49
В день дерби, 4 июня 1913 года, Герберт Джонс по прозвищу Бриллиант, в жокейском костюме королевских цветов, скакал на Анмере, коне короля. Джонс был национальным героем. Ему аплодировали огромные толпы. Эмили Уилдинг Дэвисон в твидовом костюме, блузке с воротником-стойкой и неприметной шляпке стояла у ограды скакового поля в Тэттенхэм-корнер, где заворачивали кони, разноцветно мелькая на фоне неба. В рукаве у Дэвисон был триколор суфражисток — фиолетовый, белый и зеленый, и еще один такой же флаг обернут вокруг талии. Когда послышался тяжкий топот копыт и показался Анмер, возглавляющий скачку, Дэвисон шагнула вперед прямо под копыта и схватила коня под уздцы. Жокей, лошадь, кричащая женщина — все повалились на траву, оросив ее кровью. Джонс-Бриллиант упал и не поднялся — он получил сотрясение мозга и повредил плечо. Эту сцену засняли на кинопленку. На ней можно увидеть помятую Дэвисон со сбившимися юбками, которую, словно поломанную куклу, волокут полицейские. У нее была разбита голова. Голову замотали газетами. Дэвисон отвезли в эпсомскую больницу, где соратницы задрапировали ее кровать, словно катафалк, фиолетово-бело-зелеными флагами. Дэвисон умерла четыре дня спустя.
Упавшая лошадь поднялась и поскакала прочь. Король Георг записал в дневнике: «Бедняга Герберт Джонс и Анмер покатились кувырком. Я был ужасно разочарован».
Королева Мария послала Джонсу телеграмму, выразив сочувствие по поводу «прискорбного происшествия, вызванного чудовищным поступком жестокой, безумной женщины».
Много лет спустя Джонс говорил, что ему «мерещится лицо той женщины». После этого случая он больше не выигрывал скачек.
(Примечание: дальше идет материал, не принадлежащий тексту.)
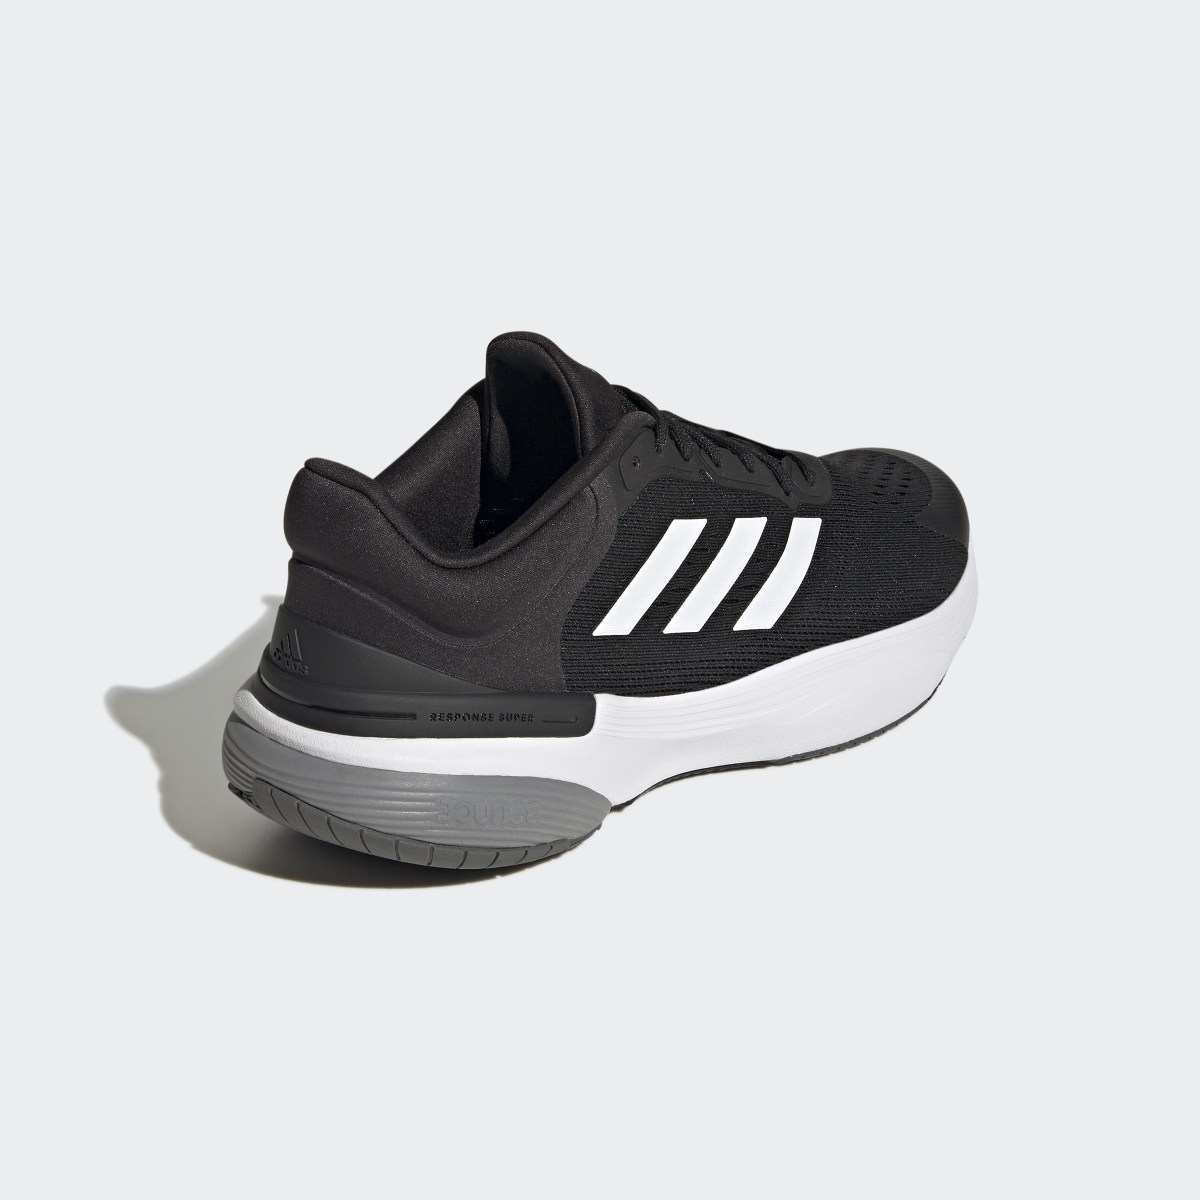 Adidas Response Super 3.0 Running Shoes. 6

Социально-политический союз женщин устроил Эмили Дэвисон торжественные похороны. В них участвовали десять духовых оркестров и шесть тысяч женщин-демонстранток. Они несли фиолетовые шелковые знамена с вышитыми словами Жанны Д’Арк: «Сражайтесь, и Господь дарует победу». Суфражистки раздобыли флаг Дэвисон, запятнанный травой, грязью и кровью, и он стал реликвией. Несколько человек (как мужчины, так и женщины) кидались в гроб кирпичами. Гедда Уэллвуд, которая накануне до поздней ночи вышивала и подрубала знамена, тоже шла в колонне, обращая к преследователям бледное презрительное лицо. Ноги двигались в такт, музыка сплачивала женщин, превращая их в единое существо, идущее к цели.
Группа держала Гедду. Ей было очень странно, что создания, которым положено быть робкими, кроткими, домовитыми, любвеобильными, столь изобретательны в таких мятежных, опасных делах. Гедда с детства была мятежницей. Она вечно стояла в стороне от любых групп — от семьи Уэллвуд, от девочек в школе, от фабианцев. Она подрывала устои, выискивала неудобные истины. И не могла найти себе цели. А потом нашла ее — в сообществе мятежников, в армии, бьющейся за правое дело, в программе разрушения. Гедде нравилось маршировать — бедро к бедру, юбка к юбке, плечо к плечу с женщинами, подчинившими собственные потребности и движения великому делу. Жизнь в группе и притягивала, и беспокоила Гедду, которая от природы боялась закрытых пространств. Временами Гедде казалось, что ряды сейчас сомкнутся и раздавят ее, как Красная и Белая королевы и летающие присяжные-карты в «Алисе».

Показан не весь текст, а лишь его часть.